– Доброй ночи, Эрнест. Приятных снов!
– Доброй ночи, Хьюберт, и спасибо тебе большое. И да… Хьюберт!
Тот сбавил обороты мотора, когда услышал вскрик Эрнеста и его быстрые шаги вслед за машиной.
– Я только хотел спросить твой телефонный номер.
– Хотел бы я сам его знать! Какая-то цифра, два нуля, два нуля, бесконечность. Мне обещают установить телефон со дня на день. Уже шесть недель обещают.
– Как думаешь, его не могли установить уже сегодня, пока тебя не было дома?
– Нет, старина, вероятнее всего, его установят, когда я буду на месте. Доброй ночи. И смотри там, не взорви дом.
Через несколько секунд звук мотора растворился вдали. Бог отбыл в своем экипаже.

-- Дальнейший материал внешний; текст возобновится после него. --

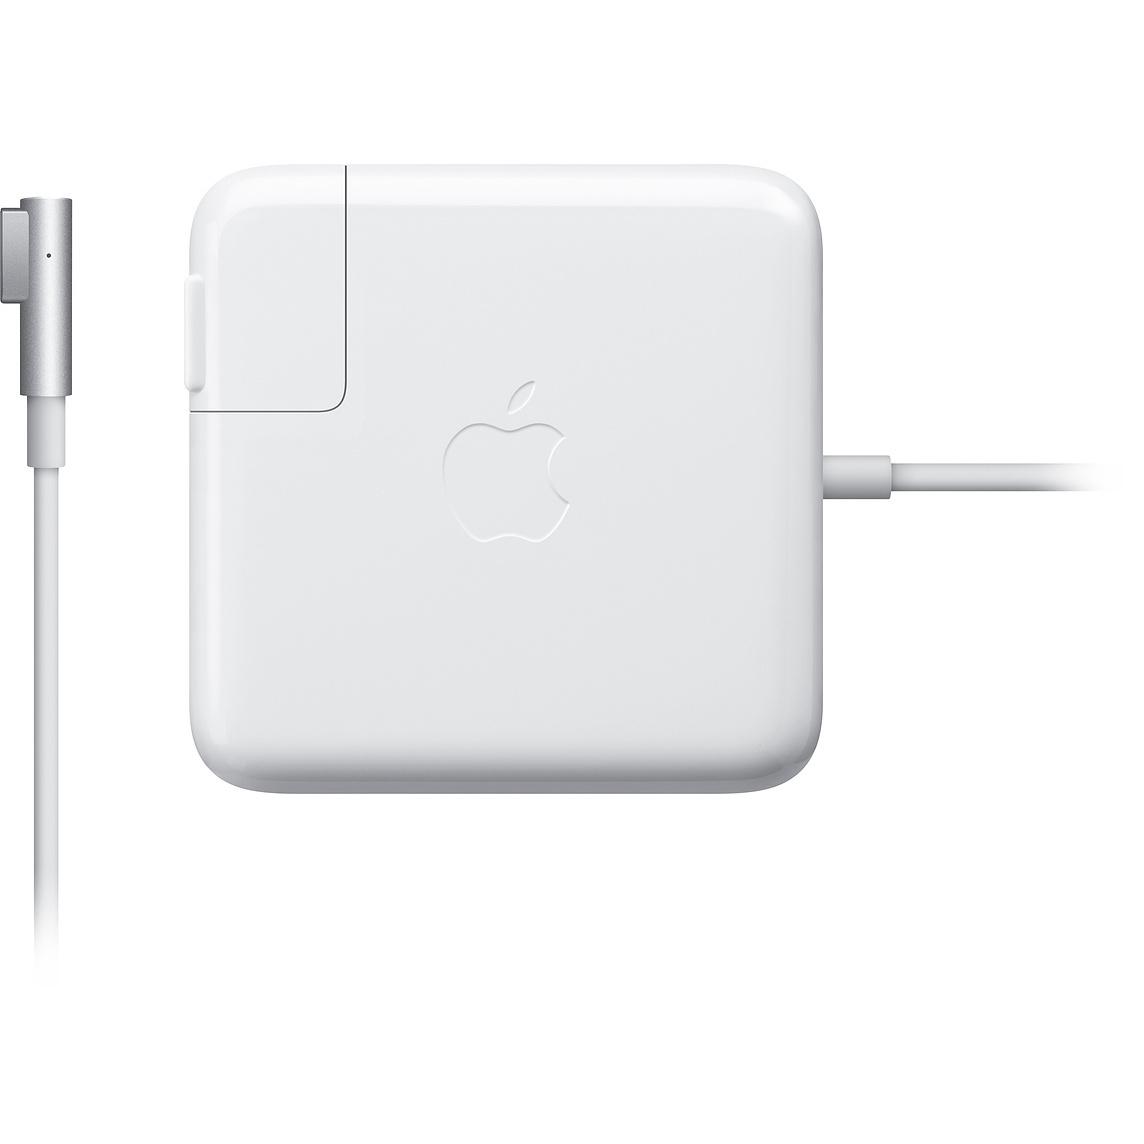 Адаптер питания Apple MagSafe 60 Вт для MacBook и 13-дюймового MacBook Pro

«Не закрыть ли ворота? – подумал Эрнест. – Нет, вдруг кому-то понадобится моя помощь. Люди редко стучатся в чужие дома посреди ночи, но мало ли что, всегда случаются какие-то происшествия: бензин может закончиться, или старый друг внезапно нагрянет из-за границы. Совершенно без сил после поезда и парохода. „Лондон забит под завязку, мест нигде нет, и я приехал к тебе, Эрнест, сдаться на твою милость“. „И правильно сделал, Рэгги. Одну минутку, я все устрою“. Как легко было бы сказать то же самое Хьюберту! Но я правильно поступил, в самом деле, что позволил ему уехать: нельзя потакать своим слабостям, мне надо учиться жить одному, как умеют другие. Хорошо быть каким-нибудь бедняком, беспризорным мальчишкой, к примеру, только-только окончившим школу, нажившим немного деньжат и купившим этот дом. Он провел веселый вечер с другом, побывал в театре и довольно поздно вернулся домой, почти в полночь».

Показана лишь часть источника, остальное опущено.